Linear Filters, Part 3

Linear Filters

Part 3: Filtering Frequencies Out

In this part, we are going to see how to predict which frequencies are filtered out by a linear filter. We need to recall some facts from the Difference Equations module.

As in Part 1, let S be the set of all doubly-infinite sequences. Then the equation

y_k+n + a₁ y_k+n-1 + .... + a_n-1 y_k+1 + a_n y_k = z_k

describes a linear transformation T: S -> S with T({y_k}) = {z_k} . The null space (or kernel) N of T is the set of solutions of the homogeneous equation

y_k+n + a₁ y_k+n-1 + .... + a_n-1 y_k+1 + a_n y_k = 0.

N is an n-dimensional vector space, and an exponential sequence, y_k = r^k, is in N if and only if

rⁿ + a₁ r^n-1 + ... + a_n-1 r + a_n = 0.

This polynomial equation is called the auxiliary equation or characteristic equation. Its solutions r₁, r₂, ..., are called characteristic roots of the difference equation. If the auxiliary equation has n distinct roots, then these exponential sequences constitute a basis for the null space N of T. Once again, we will consider only situations in which the characteristic roots are distinct. However, we now wish to consider cases where the characteristic roots are complex.

Consider the homogeneous linear difference equation

y_k+2 + y_k = 0.
Construct the auxiliary equation and find the characteristic roots. You should get two imaginary roots r₁ and r₂.
According to what you learned in Part 4 of the Difference Equations module, {r₁^k} and {r₂^k} should be two linearly independent solutions to our linear difference equation. Use your computer algebra system to check that they are both solutions.

However, these are complex solutions, and for the purpose of signal processing we need to know about the real solutions.

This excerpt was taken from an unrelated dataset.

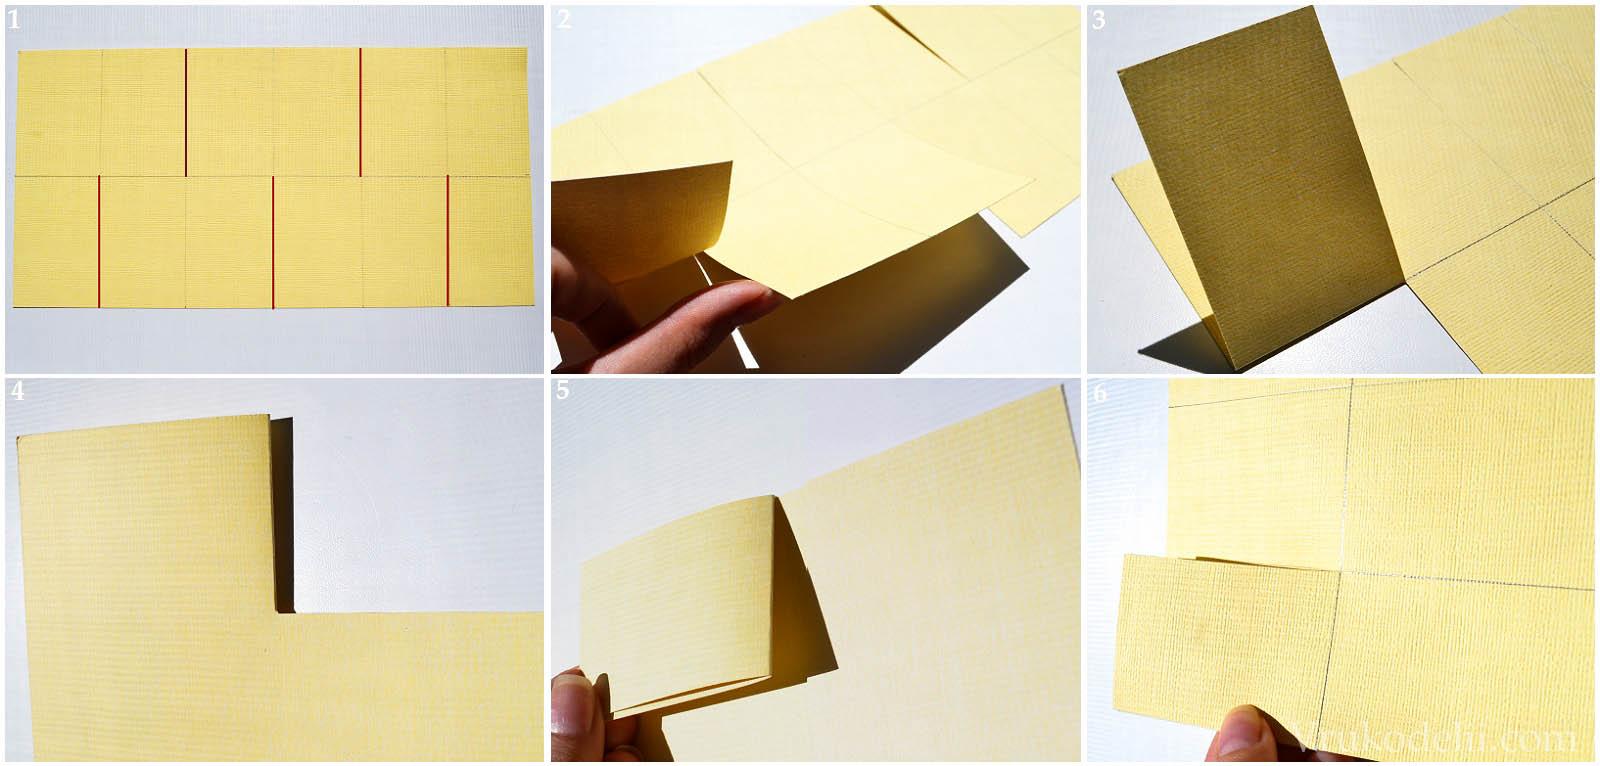 как соединить листы открытки зависит, прежде

Using polar coordinates, write the r₁ and r₂ that you have found as

$\begin{align*} r_1 &= R_1 (\cos \theta_1 + i \sin \theta_1);\ r_2 &= R_2 (\cos \theta_2 + i\sin \theta_2).\end{align*}$

A famous law of complex numbers known as de Moivre's Rule then tells us that

$\begin{align*} r_1^k &= R_1^k (\cos (k \theta_1) + i \sin (k \theta_1));\ r_2^k &= R_2^k (\cos (k \theta_2) + i \sin (k \theta_2)).\end{align*}$

Use this law to rewrite the sequences {r₁^k} and {r₂^k} that solve the difference equation in Step 1.
Prove that if {y_k} is a sequence of complex numbers that solve the homogeneous linear difference equation

y_k+n + a₁ y_k+n-1 + .... + a_n-1 y_k+1 + a_n y_k = 0

then the sequences of real numbers {Re y_k} and {Im y_k} are also solutions to the same linear difference equation. (Remember that the coefficients a_k are all real.)
You can now write four real solutions to the linear difference equation in Step 1, which look like:

$\begin{align*} & \{R_1^k \cos (k \theta_1)\};\ & \{R_1^k \sin (k \theta_1)\};\ & \{R_2^k \cos (k \theta_{2})\};\ & \{R_2^k \sin (k \theta_{2})\}.\end{align*}$

Use your computer algebra system to verify that these are in fact solutions.
However, we know that the set of solutions to this linear difference equation is 2-dimensional, so some of these solutions must be linearly dependent. Find two of the real solutions above that make a linearly independent set.

You now know how to find the real sequences that are solutions to the homogeneous equation

y_k+n + a₁ y_k+n-1 + .... + a_n-1 y_k+1 + a_n y_k = 0.

If we consider once again the linear filter

y_k+n + a₁ y_k+n-1 + .... + a_n-1 y_k+1 + a_n y_k = z_k

then we can regard the solutions of the homogeneous equation above as the input signals that are taken to zero by the filter; that is, those that are filtered out.

Find a linearly independent set of two signals that are filtered out by the linear filter

y_k+2 + y_k = z_k.
Use the techniques above to find as large a linearly independent set of signals as you can that are filtered out by the linear filter

y_k+4 - y_k+2 + 2 y_k = z_k
from Part 2. Compare your answers to the observations you made there.